Nilda threw her son a cautioning glare, but he wasn’t looking at her.

“Chester has a theory about the radiation,” Jay said. “He reckons the undead were spreading it. They go through an impact site and get contaminated by the heavy isotopes. They carry them with them, so wherever they’ve been becomes radioactive.”

“How dangerous is it?” Greta asked.

“I think, I mean, this is from those medical books, and they don’t really go into much detail, but if Eamonn drinks the water or eats any food he finds, he’ll die,” Jay said.

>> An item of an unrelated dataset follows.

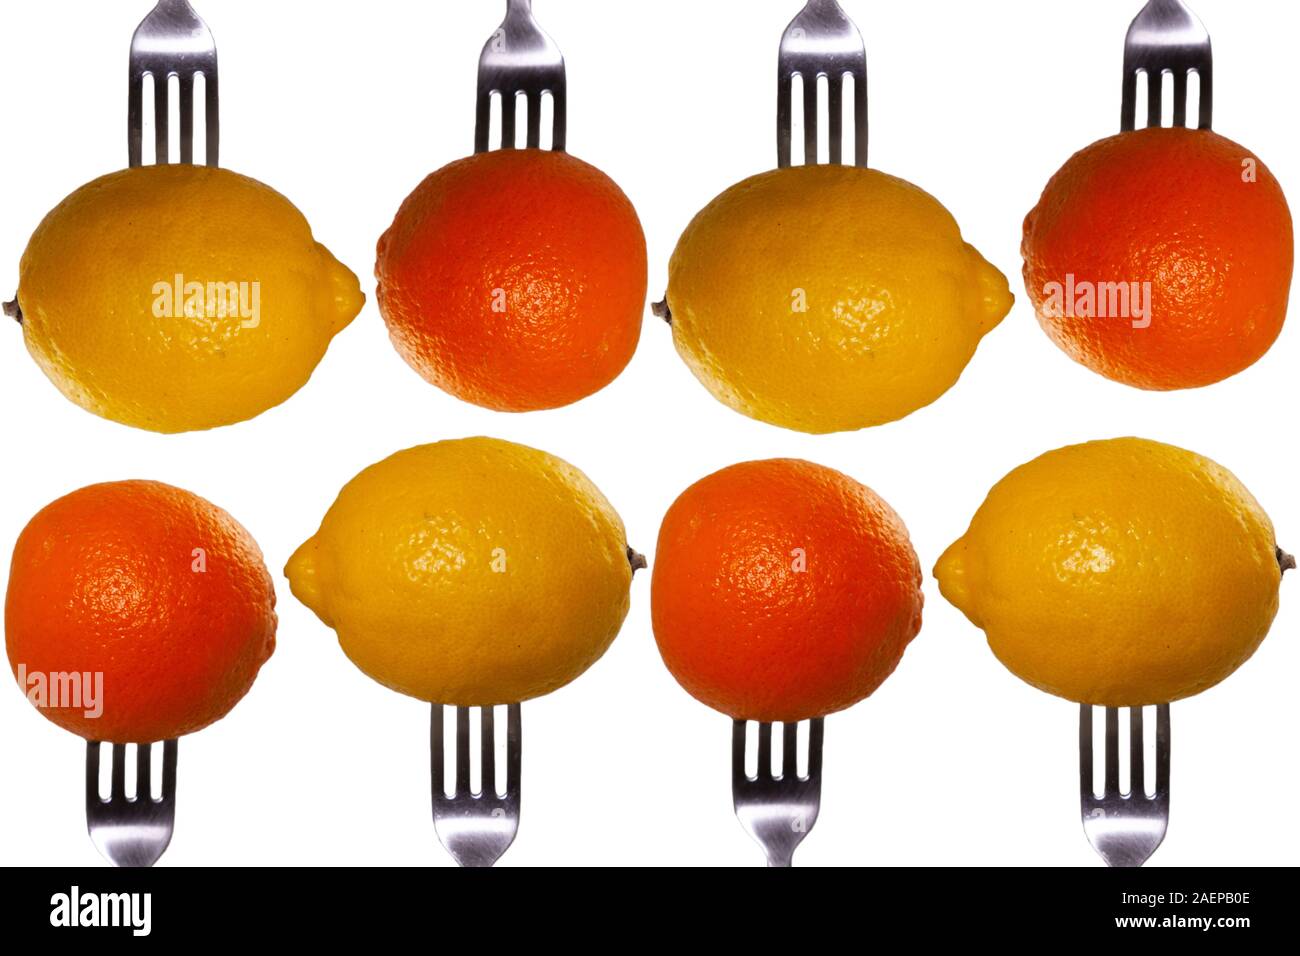 Oranges and Lemons on forks.  Eat up and get all your nutrients! Stock Photo

“Oh my God,” Greta murmured.

“It’s okay,” Jay quickly added. “It’s not as bad as it sounds. He won’t die immediately, so he should be able to get to Wales. Unless he gets trapped out there, of course.”

Greta closed her eyes, and Nilda wanted to scream at her son for his tactlessness.

“He’ll be travelling quickly,” Nilda said. “I’m sure he’ll be fine.”

“He won’t,” Greta said. “I knew something like this would happen. He didn’t take a Geiger counter with him or one of those dosimeters. He wasn’t prepared. He just got the idea in his head that he could do it. He’ll die out there.”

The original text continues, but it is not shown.